Prefer DTK/DCU tools first. Use `hipprof` for first-pass API/kernel/memcpy
timing. Escalate to `rocprof`, `rocprofv3`, `rocprof-compute`, counter tools,
or AMDGPU ISA/code-object inspection only when timing evidence cannot explain
the next edit.

## When To Invoke

Invoke `dcu-profiler-report` when any of these hold:

- A correctness-passing LightOp optimization candidate has just been benchmarked
  and the loop needs the mandatory per-candidate `hipprof --pmc` interpretation
  before the next edit.
- A LightOp baseline benchmark has passed and no baseline profile digest exists.
- A correct candidate is within +/-2% of baseline or the prior best.
- The second correctness-passing optimization attempt improves less than 5%
  over its parent or baseline.

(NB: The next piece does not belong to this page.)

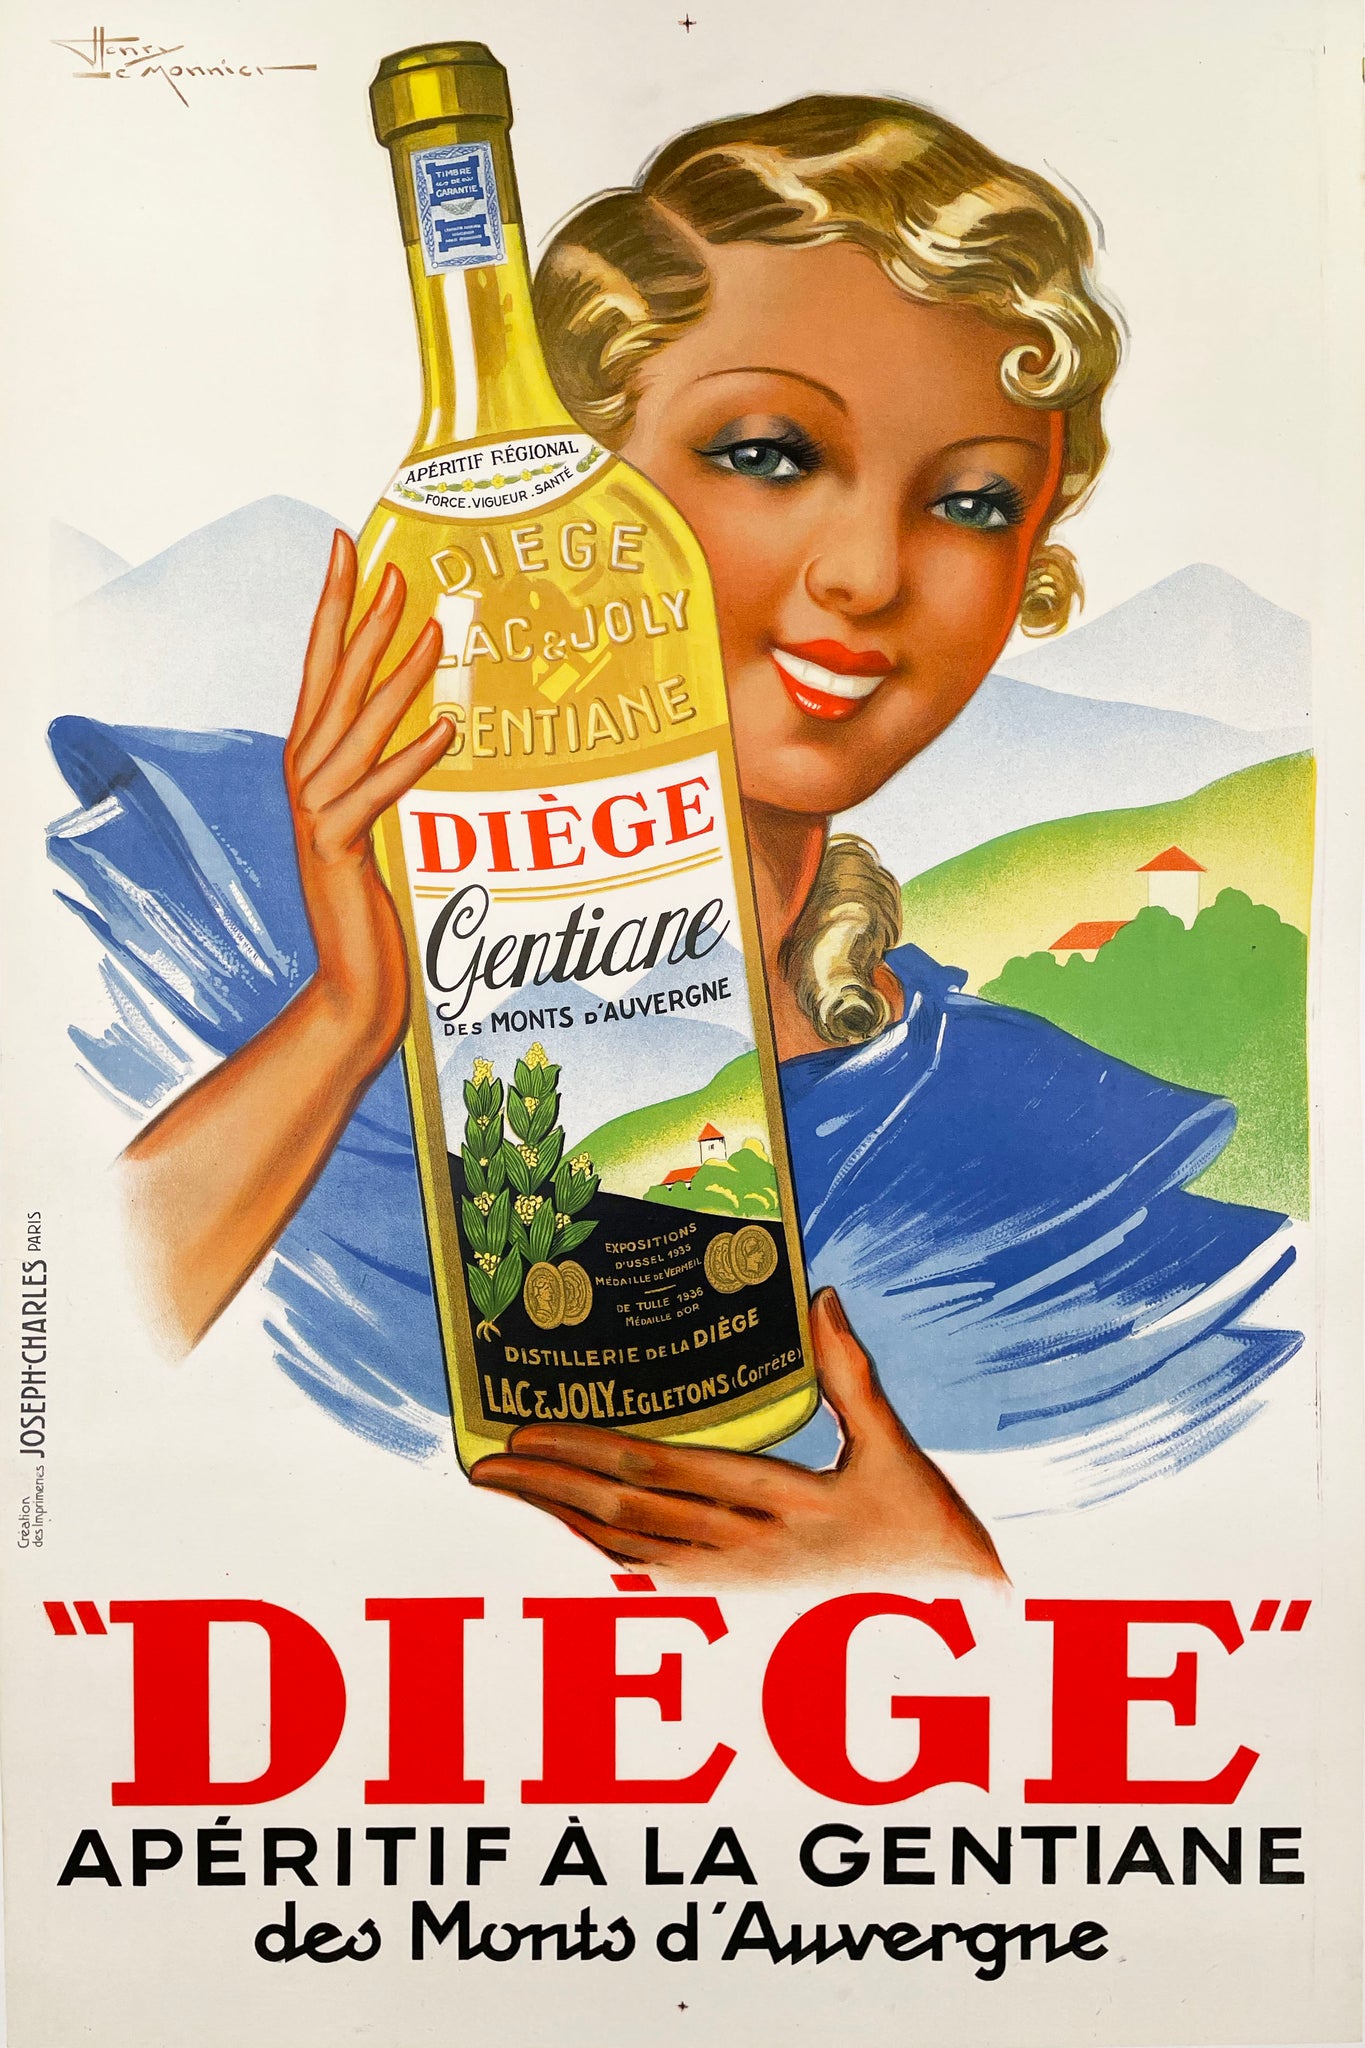 Diege Gentiane Aperitif - Vintage French poster by Le Monnier - 1936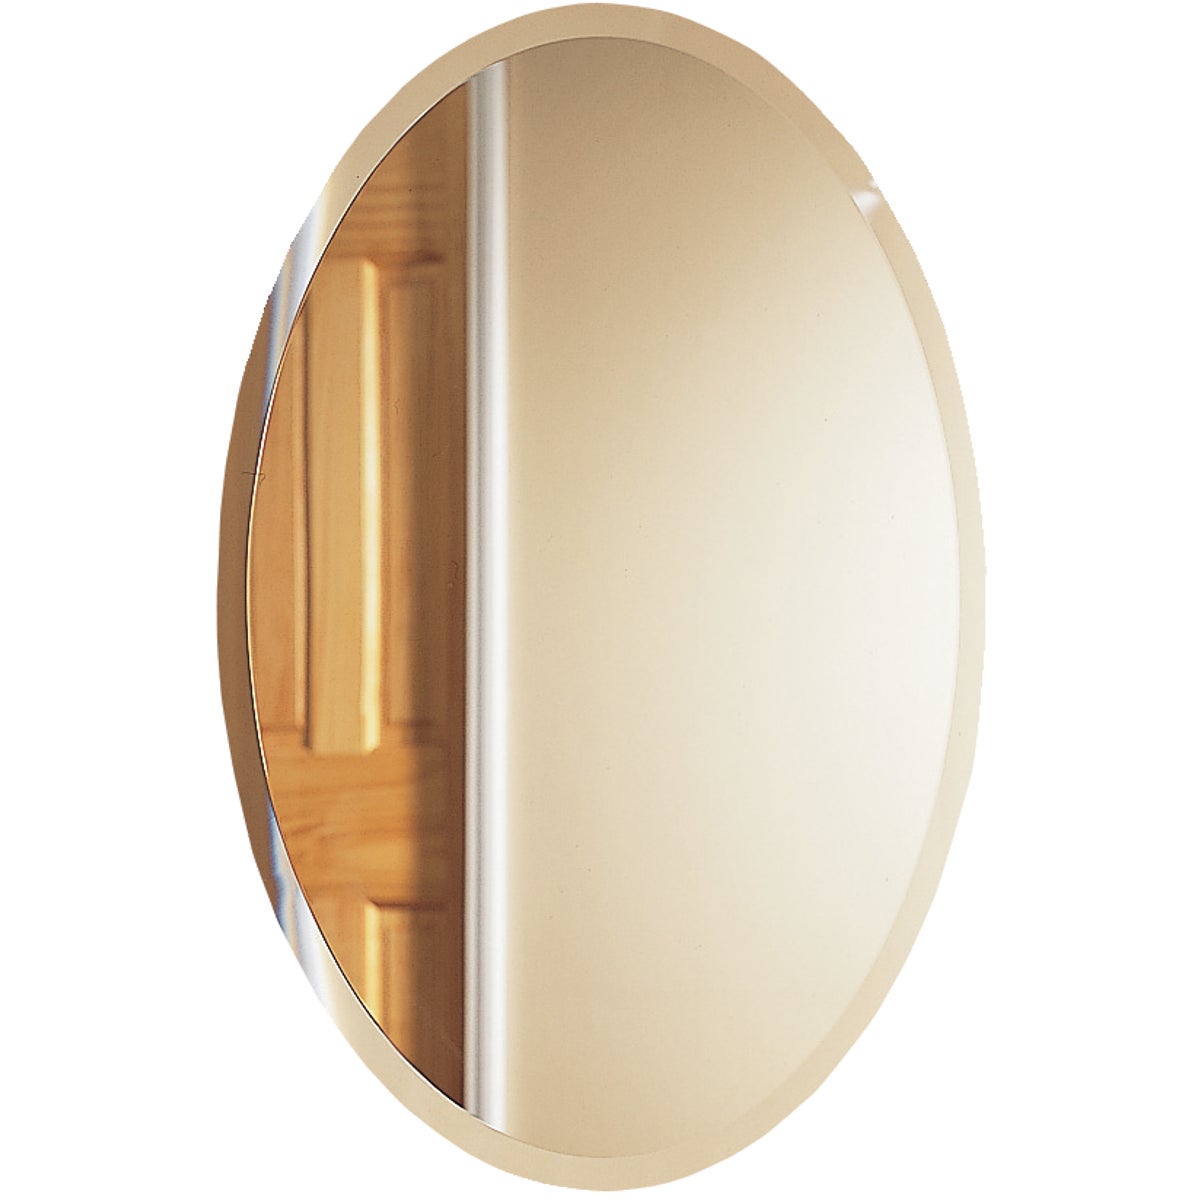 Item 274303, Contemporary frameless oval swing door medicine cabinet is equipped with

This requires a deep analysis pass before the
  next optimization edit.
- A correct candidate regresses on one or more important shapes.
- A candidate is much faster than expected and needs explanation.
- The next edit is unclear after benchmark results.
- A Humanize/RLCR reviewer asks for profile evidence.
- A candidate may be limited by launch overhead, host-device copies, global
  memory layout, LDS/bank conflicts, VGPR/occupancy pressure, wavefront
  divergence, MFMA underuse, or shape-dispatch choices.

Do not profile while correctness is failing unless the failure is itself a
profiler collection problem. Fix correctness first.

## Device Selection Gate

Before any benchmark or profiling capture, record current card state in the
same host/container environment that will run the workload.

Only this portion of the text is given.